Detailed analysis with all required code is posted in github and Jupyter Notebook. All data analyses are based on the CIRSP-DM (Cross Industry Standard Process for Data Mining) methodology

Introduction

In this project, I used Seattle Airbnb Dataset. You can find the address of web site that I collected the dataset from in the reference section below. The next sections will answer three business-related questions based on data analytics with the given datasets. Dataset describes the listing activities in Seattle and there are 3818 listings in it.

Q1: How are properties distributed among neighborhoods?

In this listing, there are 86 neighborhoods. Based on the graph given below; Broadway, Belltown, Wallingford, Fremont, and Minor are the neighborhoods that cover around 29% of the total Airbnb listings in Seattle.

Q2: How many times room types are reviewed? What is the average review score rating? Is there a relationship room type price and the number of review and review score ratings? What is the average highest price for room type in different neighborhoods?

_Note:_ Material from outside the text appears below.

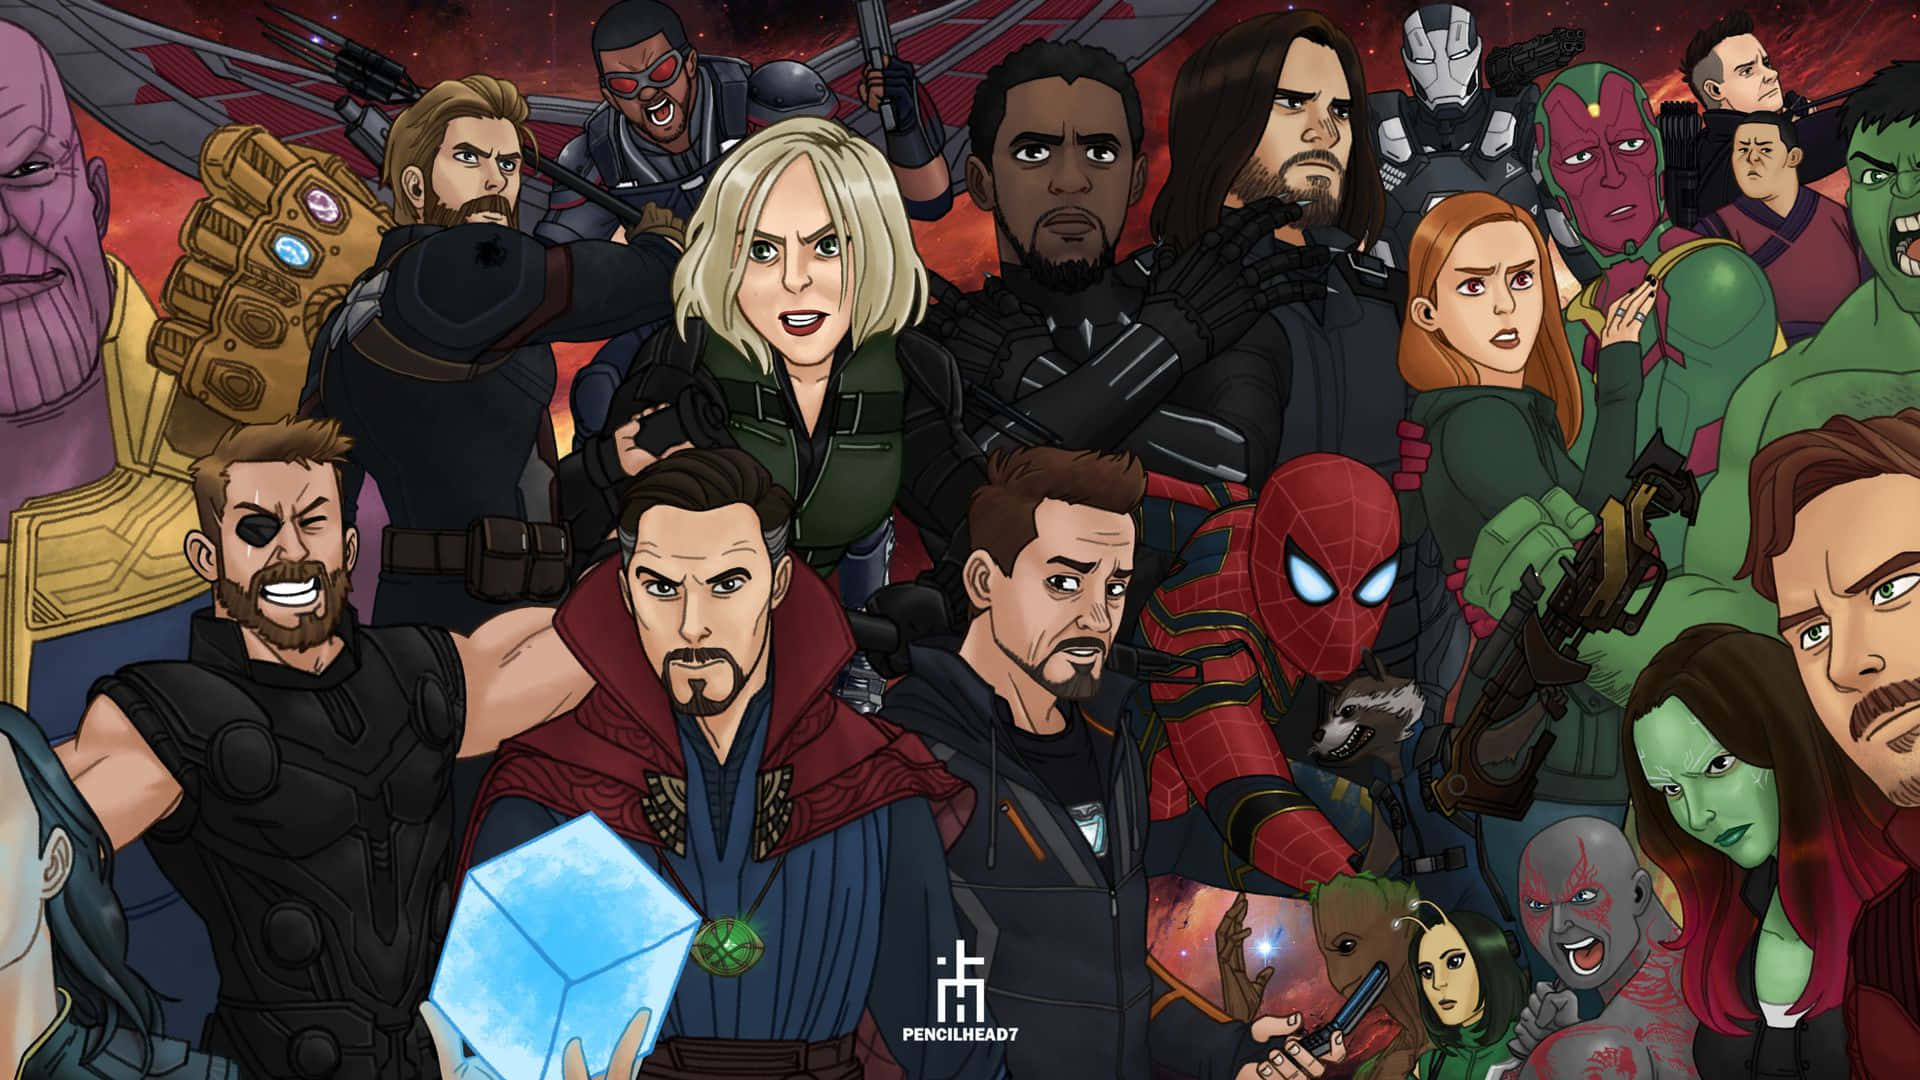 Avengers baggrundskitse: Et billede af fire berømte karakterer fra Marvel Comics.

In this question, I would like to investigate if the number of reviews and review scores has an impact on room type selections. This will guide us to figure out the most preferred room types based on the number of reviews and review score ratings. Another important point to understand if there is any relationship between room type price and review rating. We will question if price and reviews are correlated.

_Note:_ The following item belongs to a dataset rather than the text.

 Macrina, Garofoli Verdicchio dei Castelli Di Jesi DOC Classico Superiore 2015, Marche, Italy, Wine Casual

a)- How many times room types are reviewed? What is the average review score rating?

In the given table, for example, the entire home/apt room type received the highest number of reviews. It received 52465 reviews and its rating was 94.488. Private rooms were reviewed 30870 and its score 94.756. The shared room’s number of reviews is 1514 and its score 93.508. So, we can draw the conclusion that Entire home/apt are most preferred room type and customers were satisfied with what they selected

When we look at neighborhood perspective, In the given graph, we can easily see that most reviewed neighborhoods are other neighborhoods, Downtown, Capital Hill. In Downtown, the Entire home/apt in Downtown received the highest number of reviews.

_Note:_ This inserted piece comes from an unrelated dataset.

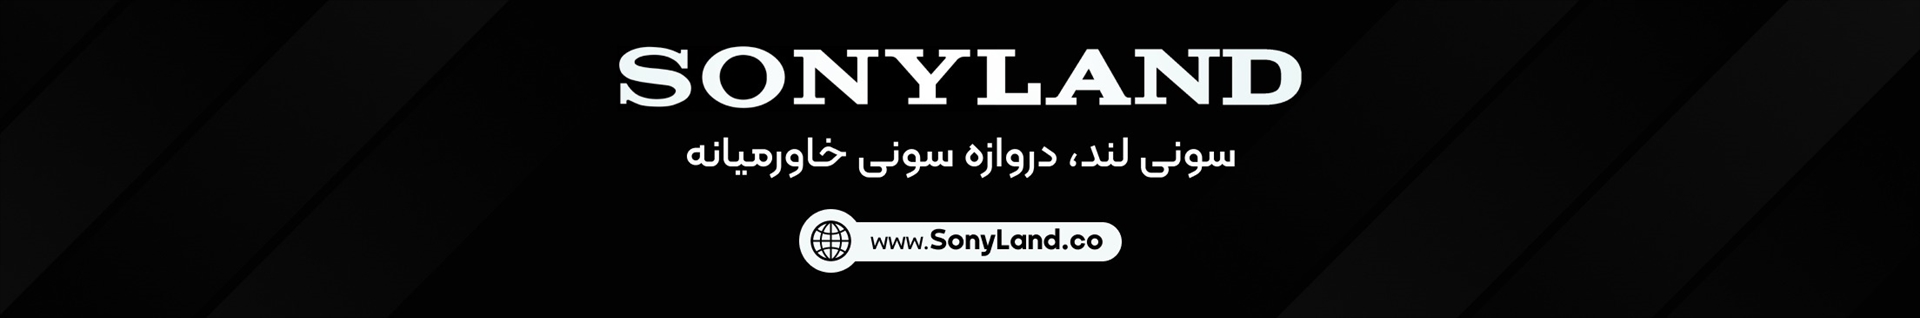 سونی لند | Sony Land
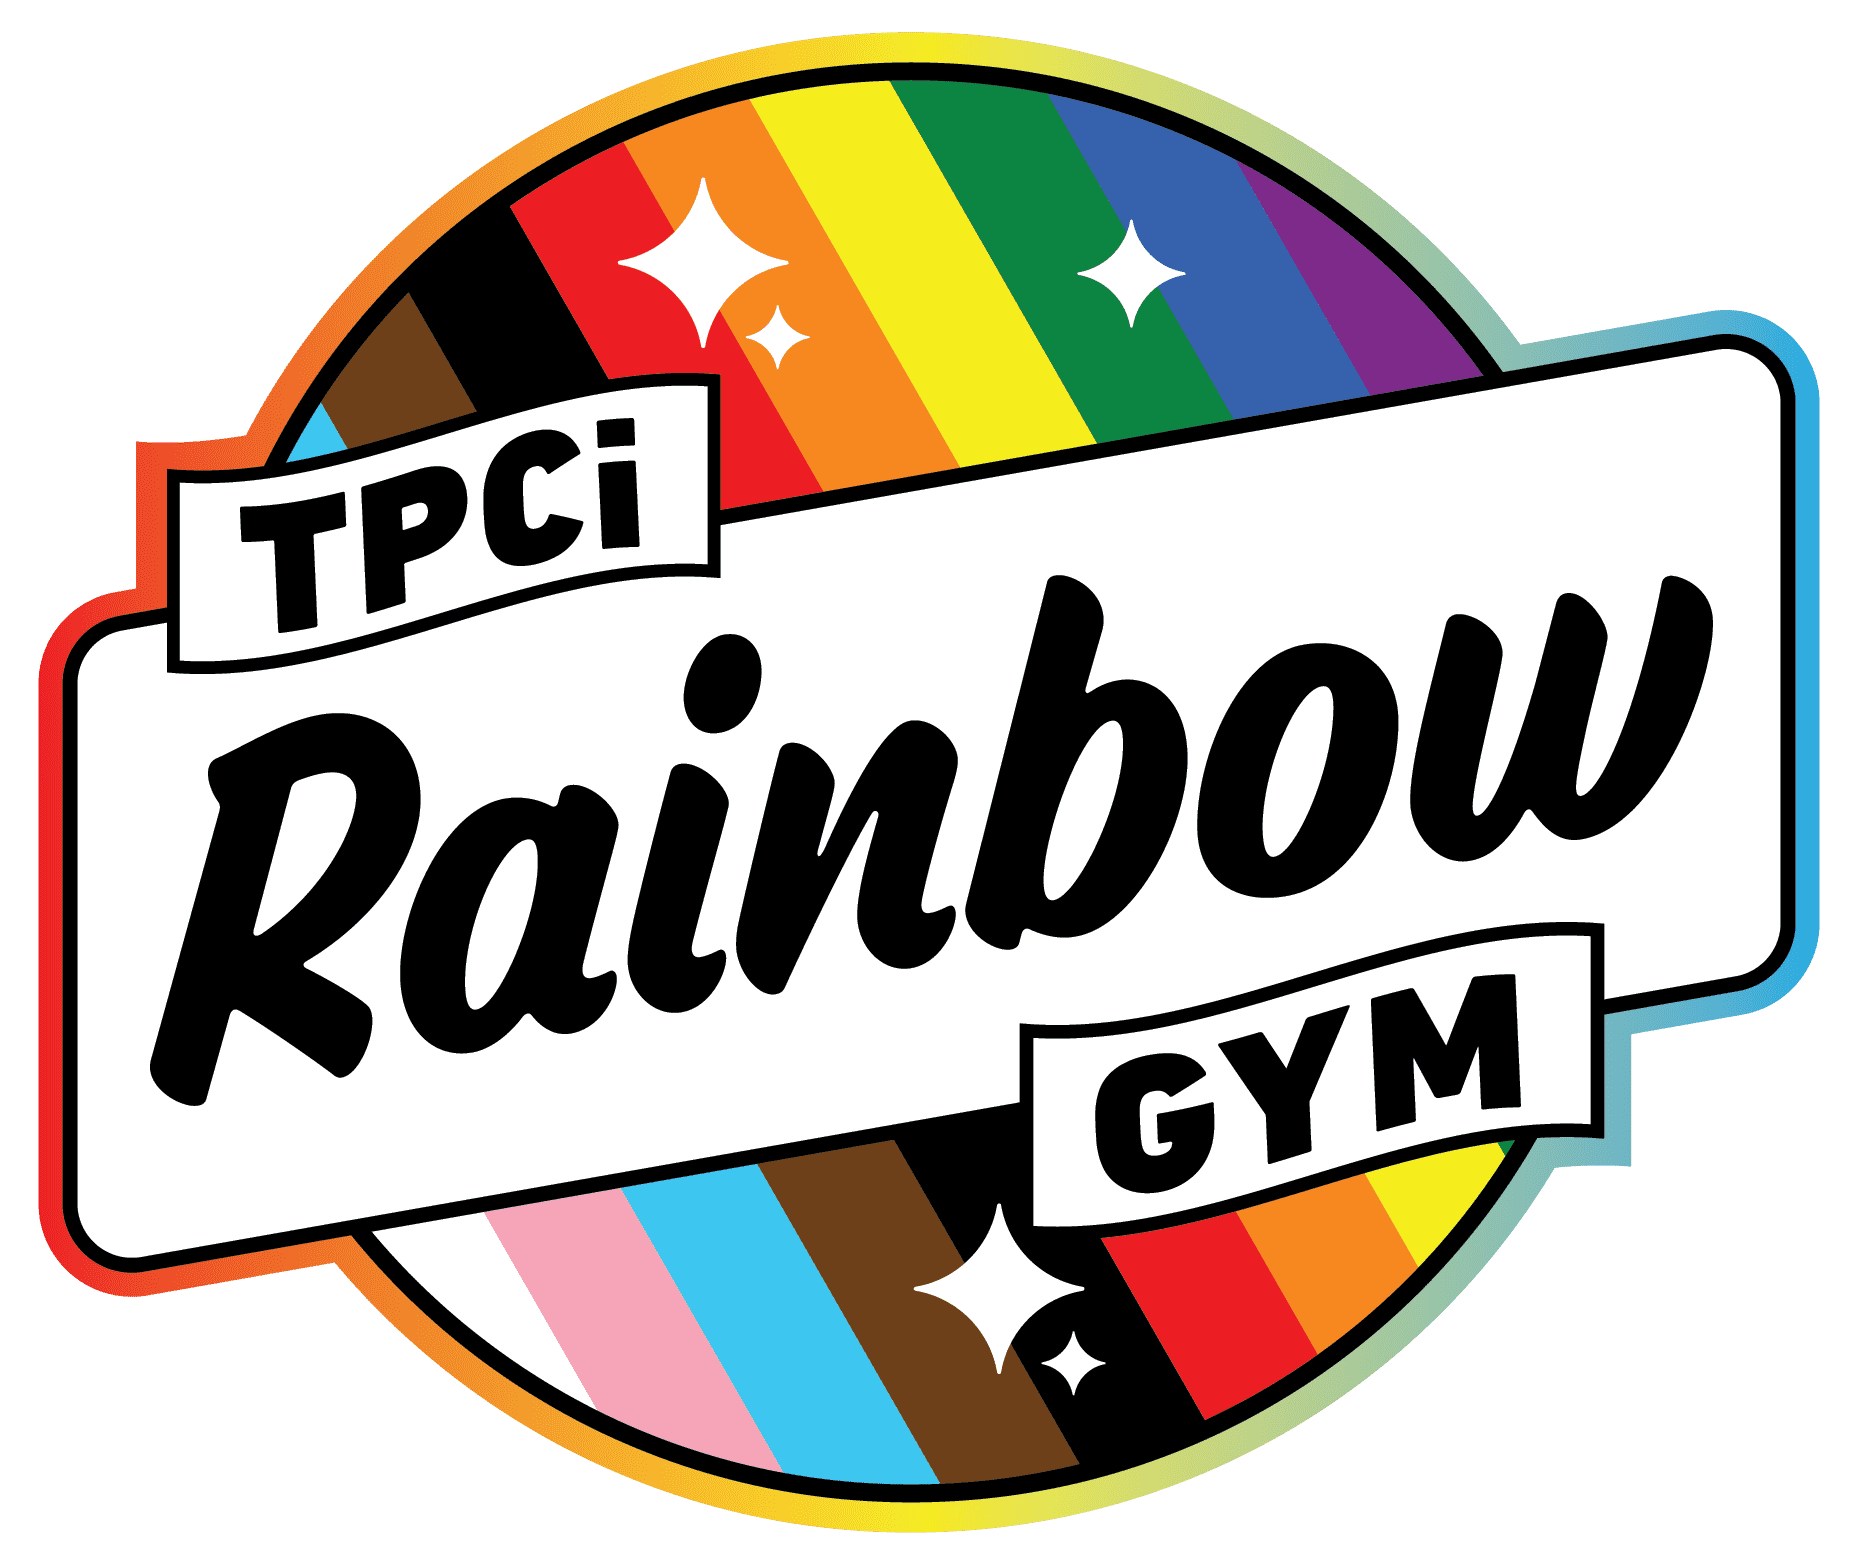 The Rainbow Gym

b)-Is there a relationship room type price and the number of review and review score ratings?

Additionally, we look up the relationship between price and number of reviews and review score rating variables. It looks there is an inverse correlation between price and the number of reviews while there is a direct relationship between price and reviews score rating but we can't say it is strong enough.

c)-What is the average highest price of room type in different neighborhoods?

We also observed at prices of room types in different neighborhoods. Based on the data given, the average prices for room types are found. Based on the given data, On average, the most expensive neighborhoods for the entire home/apt room type are Magnolia, Queen Anne, West Seattle, Downtown, and Cascade.

Q3: Implement linear regression model to apply ML algorithm to forecast price based on variables are selected

We performed an ML model to forecast if prices are impacted under different circumstances. In order to proceed, we selected columns as independent variables. The dependent variable is here price. The list of independent variables is below.

SELECTED INDEPENDENT VARIABLES ::: host_response_time, host_response_rate, property_type, room_type, accommodates, bathrooms, bedrooms, beds, bed_type, minimum_nights, maximum_nights, availability_365, number_of_reviews, review_scores_rating, review_scores_accuracy, review_scores_cleanliness, review_scores_checkin, review_scores_communication, review_scores_location, review_scores_value, instant_bookable, cancellation_policy, require_guest_profile_picture, require_guest_phone_verification, calculated_host_listings_count, reviews_per_month, neighbourhood_cleansed

Our linear regression model explains around 60% of the variation of pricing in the training set and 60% of the variation of pricing in the test set. In other words, our regression model fit 60% into the observed dataset.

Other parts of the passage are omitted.